A: Over 50% of volume now flows through automated facilities when considering all automation initiatives. The company continues to ramp volume through its Houston facility while maintaining approximately 70-75% utilization across the network. They're making progress toward their long-term goal of 70-80% automation. -
CapEx Allocation
Q: What's driving the increased CapEx in 2025?
A: 2025 CapEx guidance of 1.5-2% of net sales represents up to 30% growth year-over-year. The incremental spend is primarily for healthcare initiatives, including pharmacy capacity and the planned 8-10 new vet clinics in 2025. Base fulfillment center CapEx remains relatively stable. -
Marketing Expenditure
Q: Will 2025 marketing spend remain at 6-7% of revenue?

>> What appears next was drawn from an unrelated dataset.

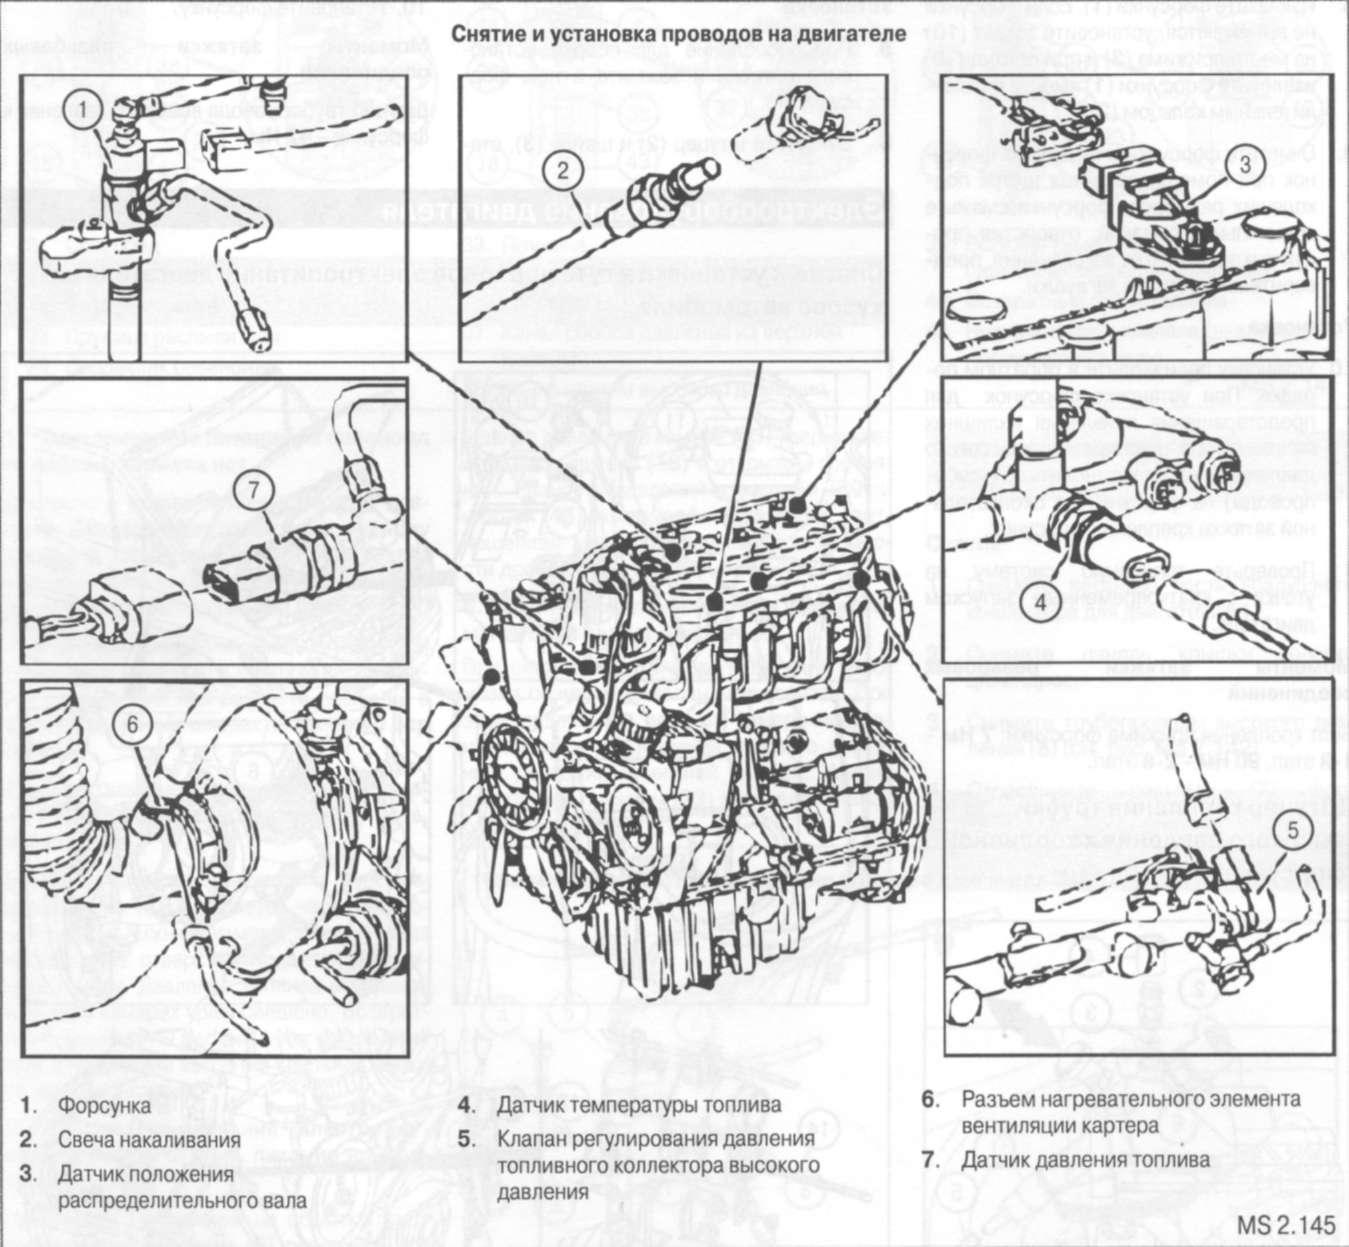 4.2.3 Снятие и установка проводов на двигателе
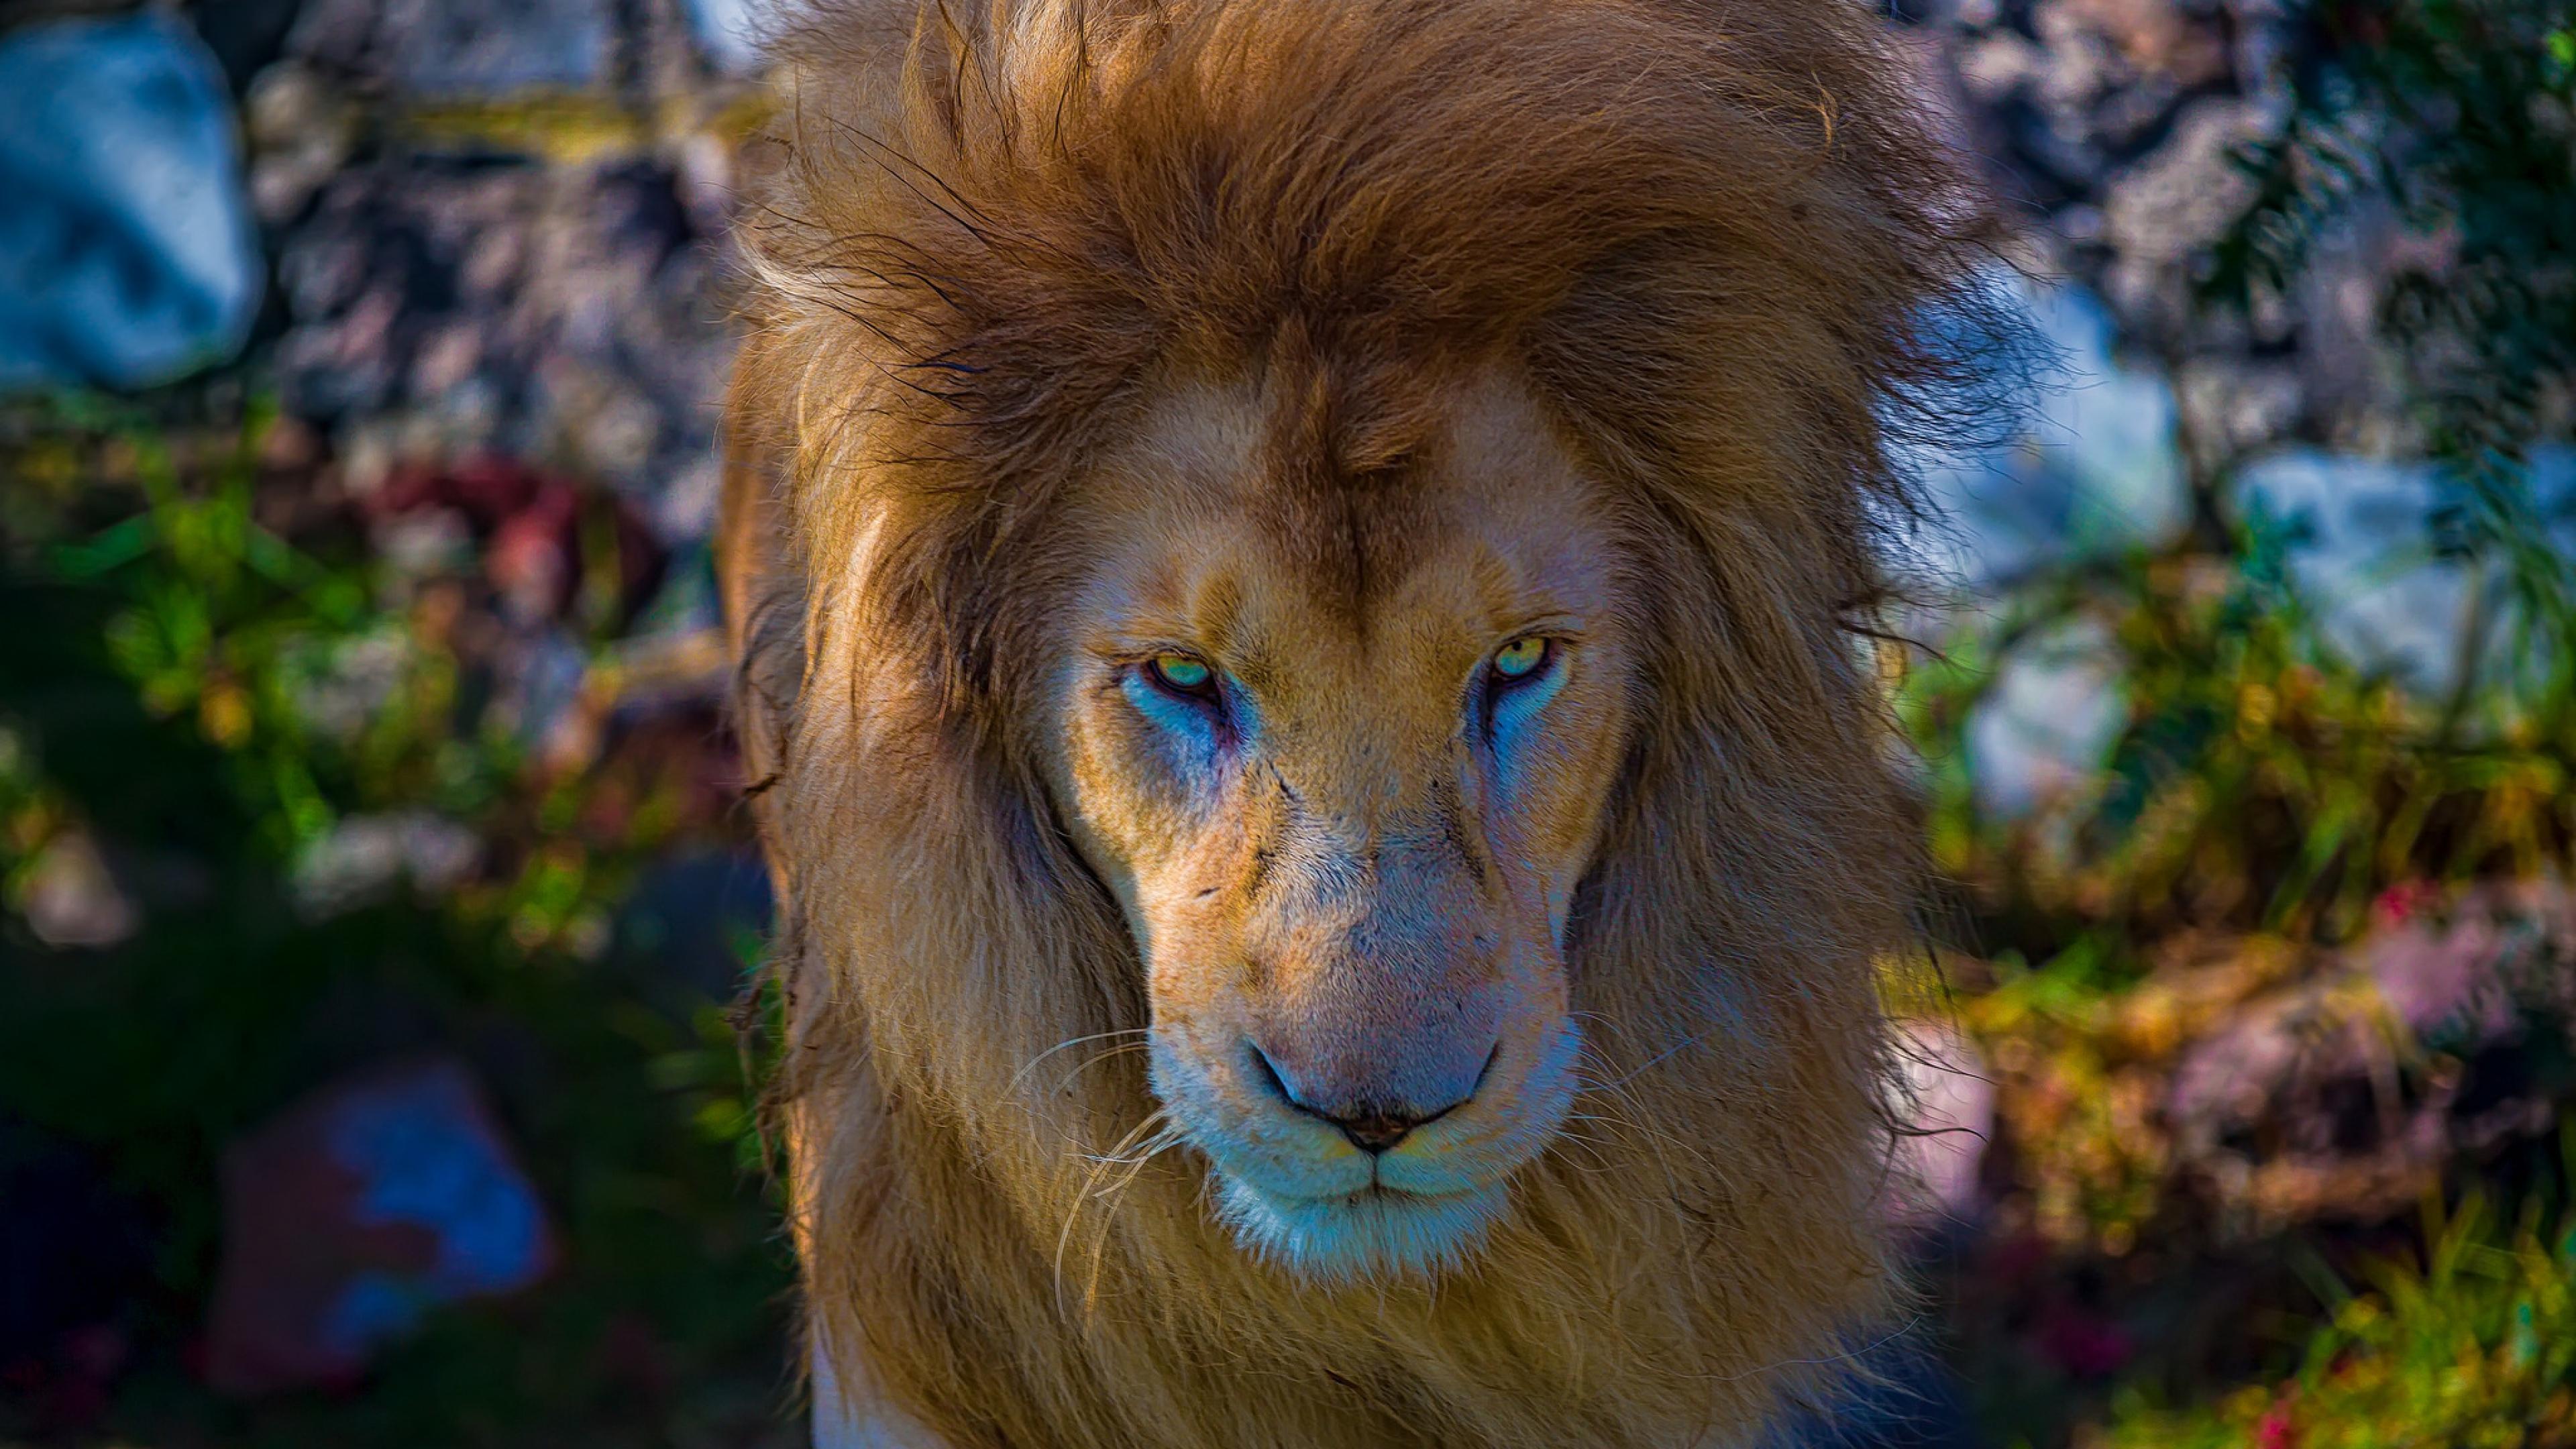 2048x2048 Playerunknowns Battlegrounds 1080p Ipad Air Hd: 2048x2048 Lion Predator Ipad Air HD 4k Wallpapers, Images

A: Yes, marketing spend will remain in the 6-7% range for 2025, consistent with 2022-2024 levels (6.7% in 2023, 6.8% in 2024). While individual quarters may fluctuate slightly based on campaign timing, the annual ratio is expected to hold steady. -
Hard Goods Performance
Q: What drove hard goods outperforming consumables in Q4?
A: Hard goods growth was broad-based across categories (leashes, collars, tech, beds, toys) driven by improved site experiences, app usage facilitating easier attachment, and new customers who have higher propensity to purchase hard goods. Management described it as "pretty broad-based" improvement year-over-year.